## Given information
##########

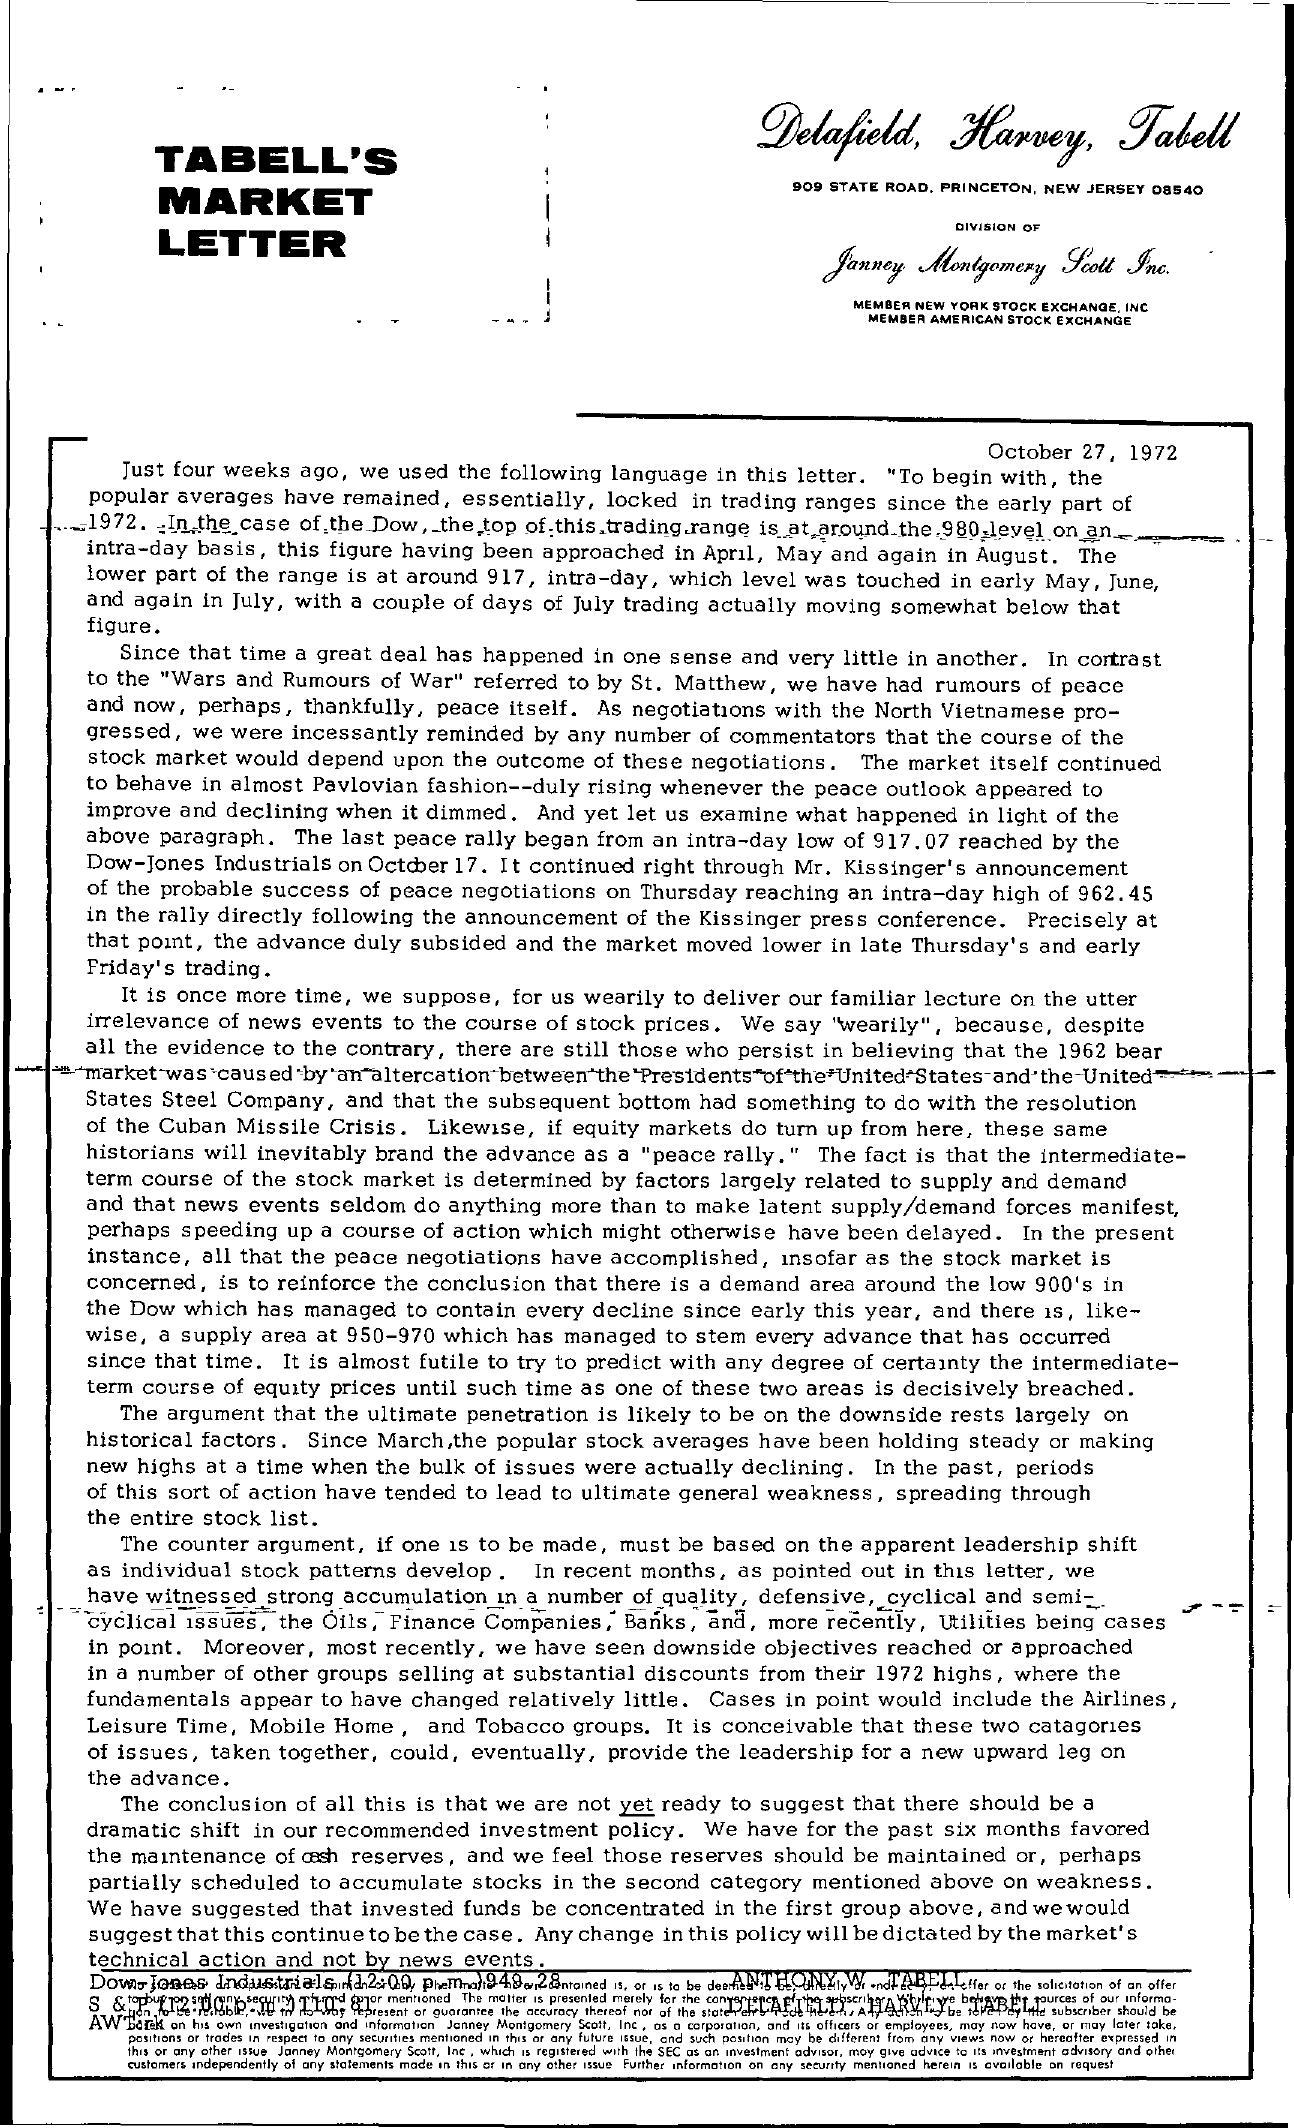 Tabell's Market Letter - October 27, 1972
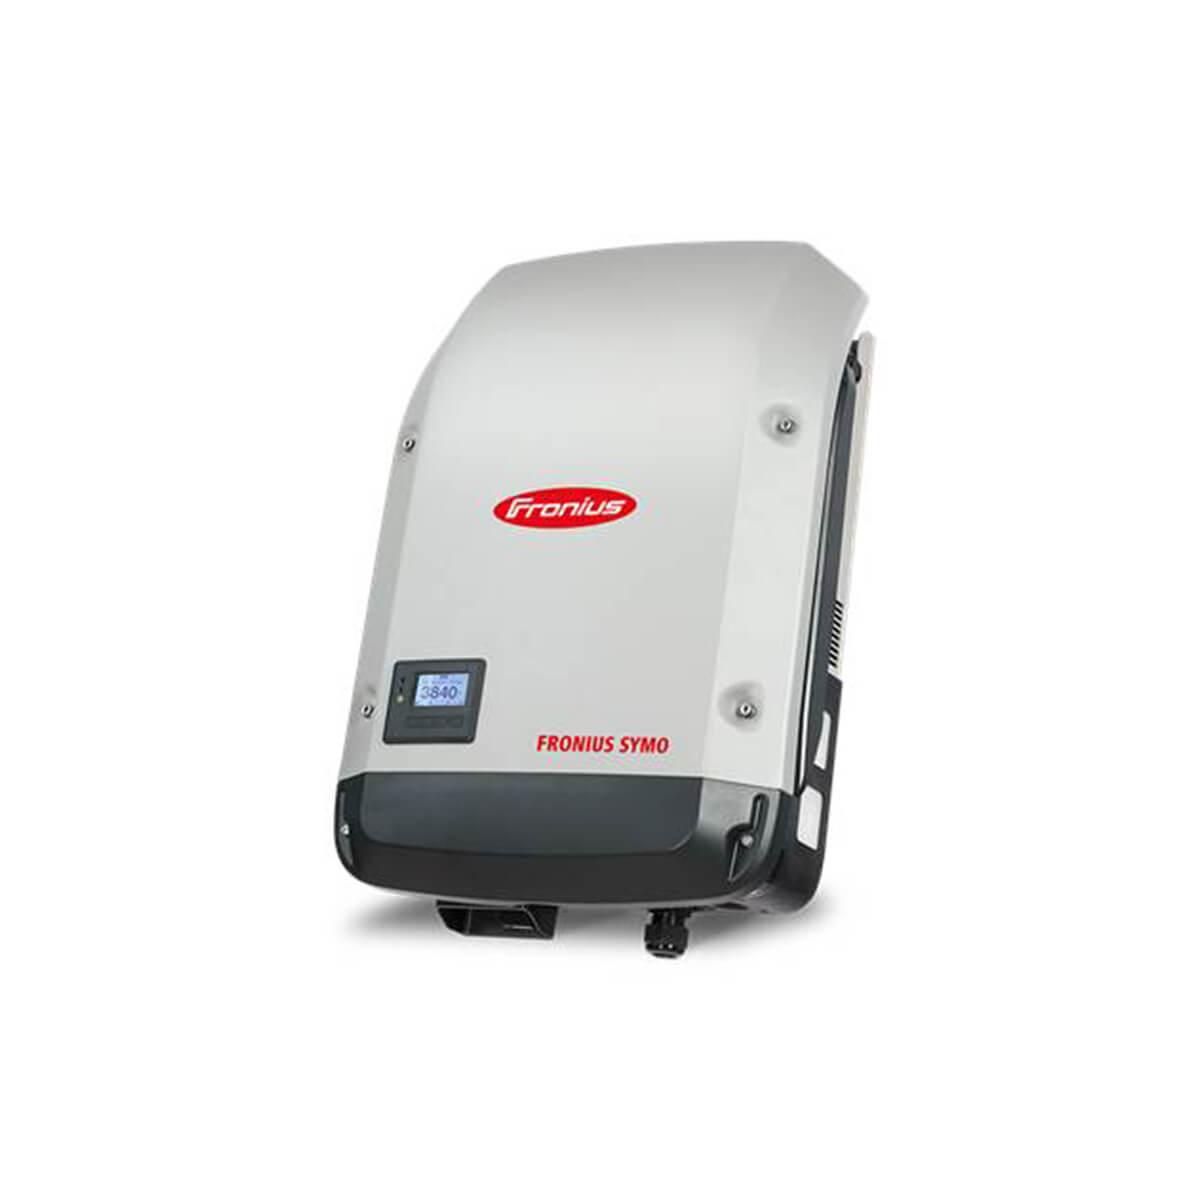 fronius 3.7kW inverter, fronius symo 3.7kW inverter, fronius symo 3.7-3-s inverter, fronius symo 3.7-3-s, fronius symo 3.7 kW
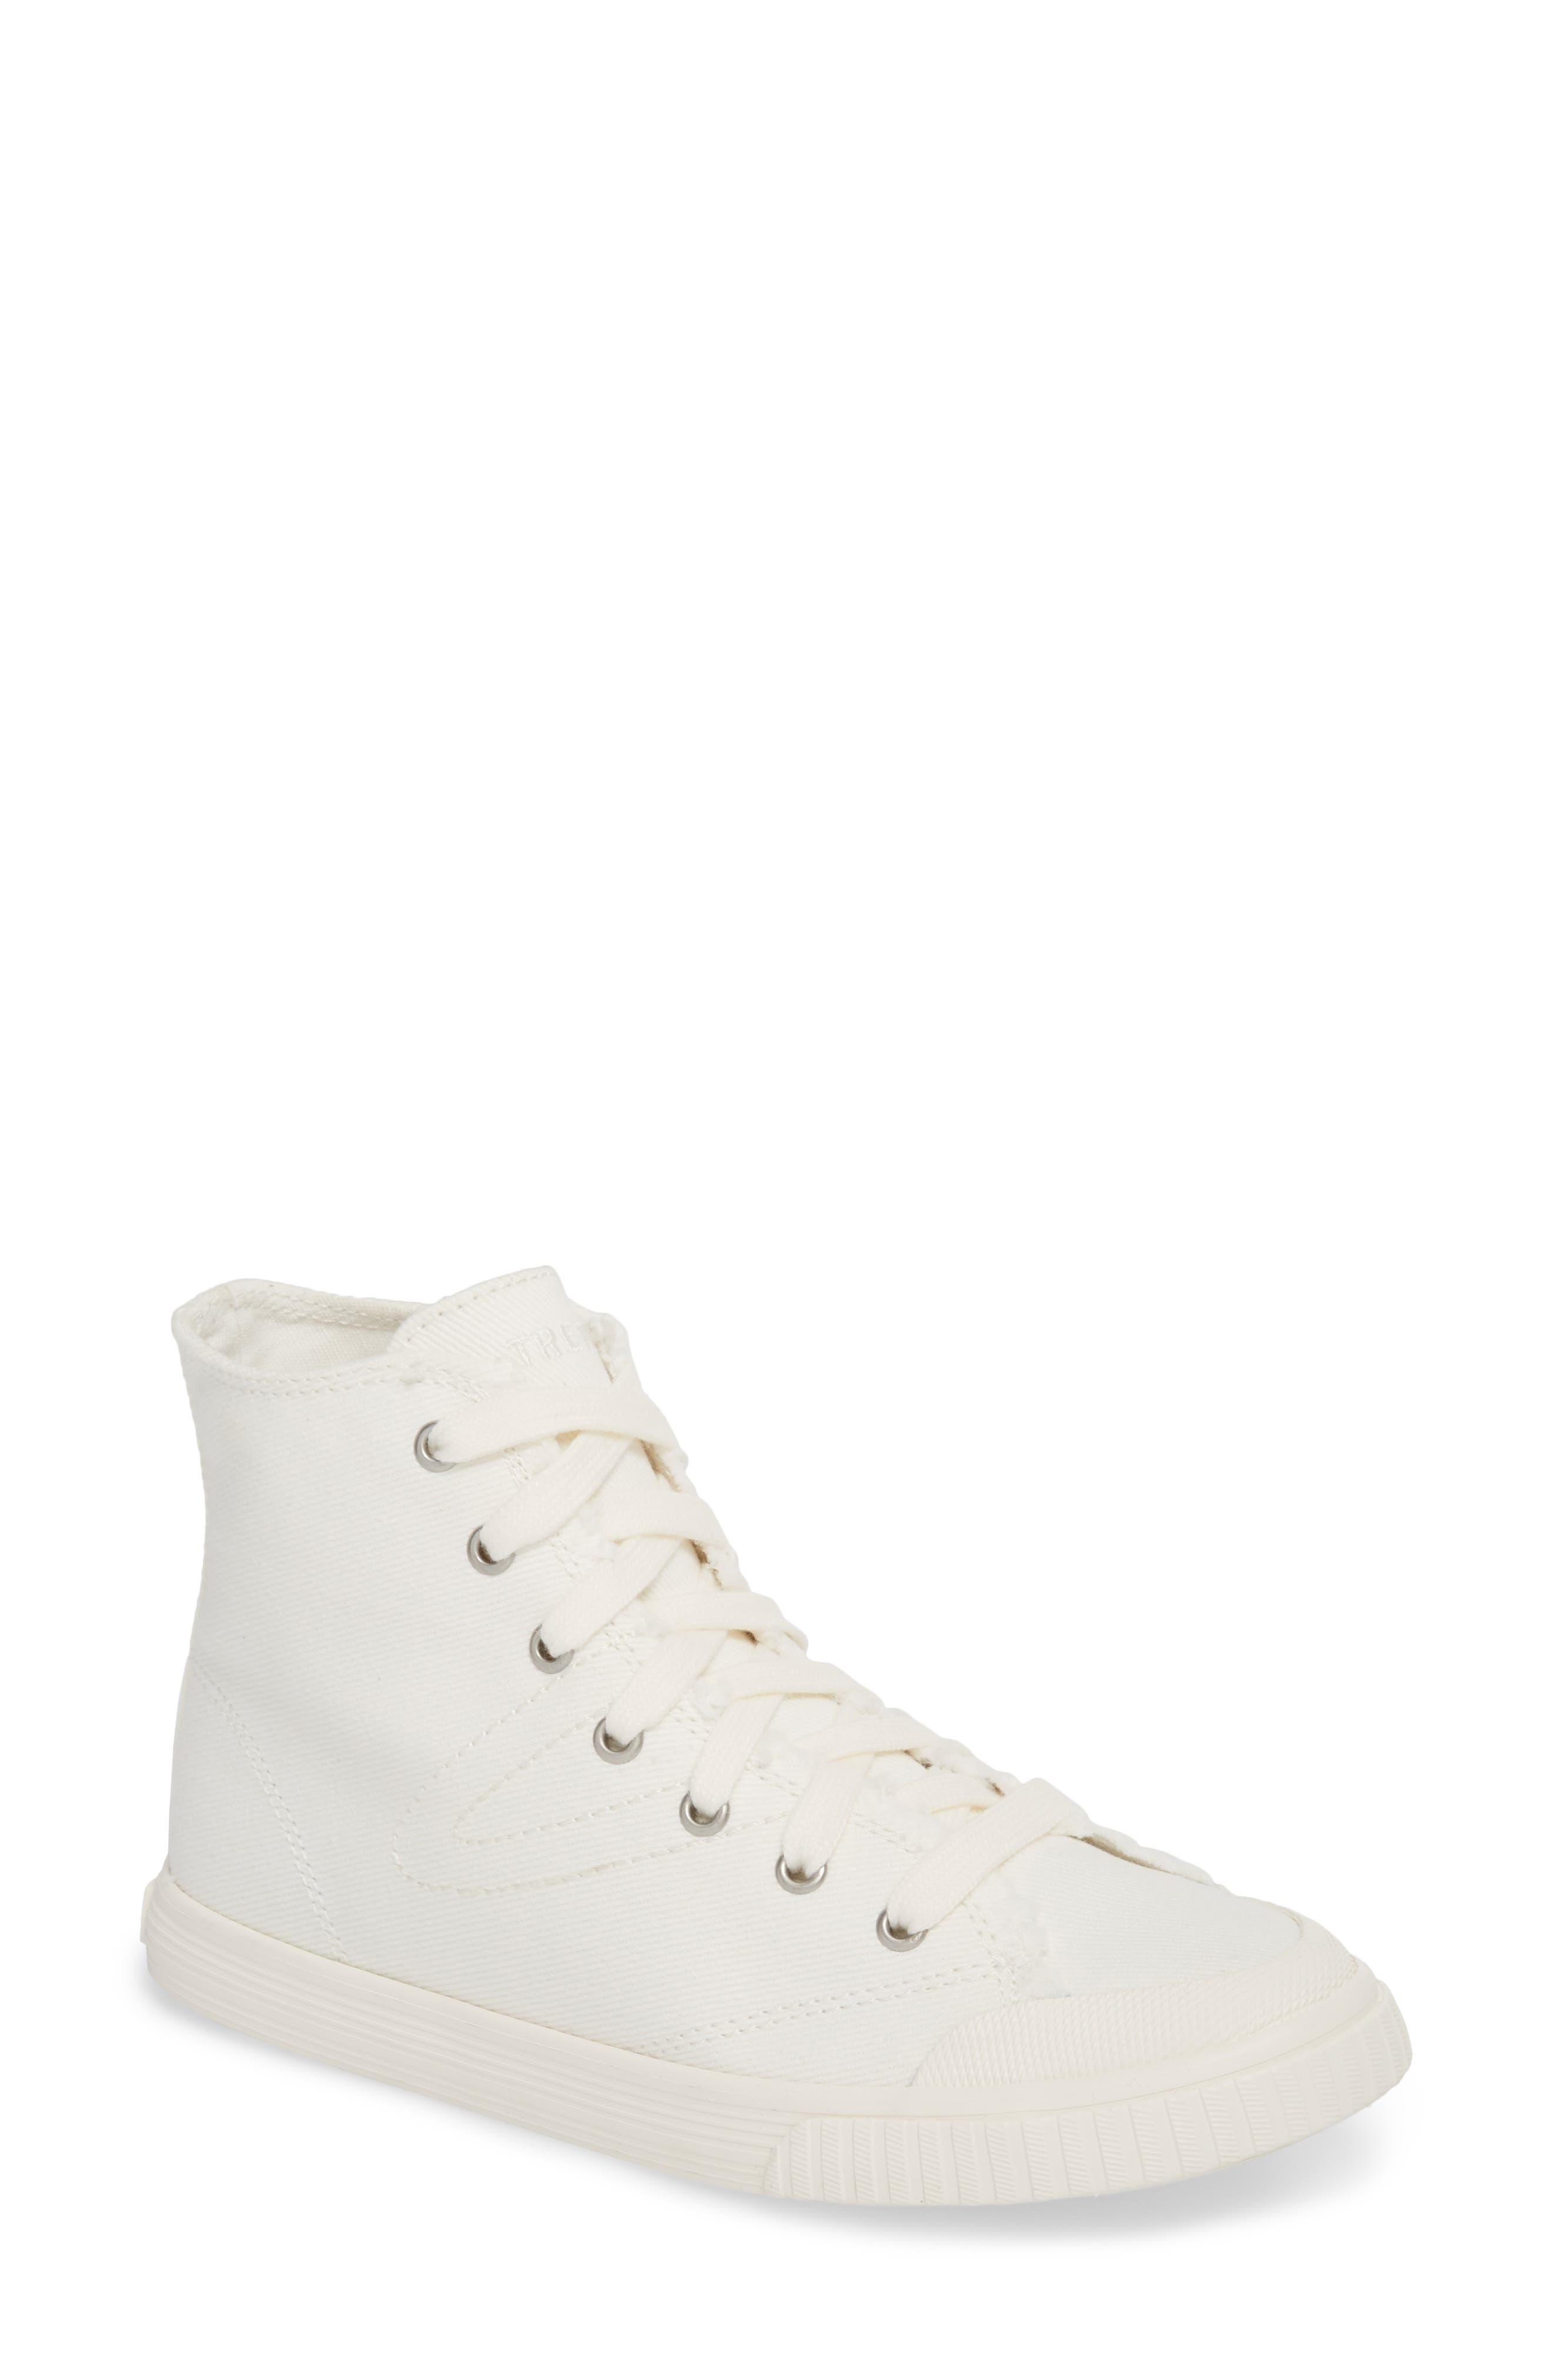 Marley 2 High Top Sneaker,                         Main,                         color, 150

##########

Return the data exactly as it stands, minus the pictures.

 Tabell's Market Letter - October 27, 1972
 fronius 3.7kW inverter, fronius symo 3.7kW inverter, fronius symo 3.7-3-s inverter, fronius symo 3.7-3-s, fronius symo 3.7 kW
 Marley 2 High Top Sneaker,                         Main,                         color, 150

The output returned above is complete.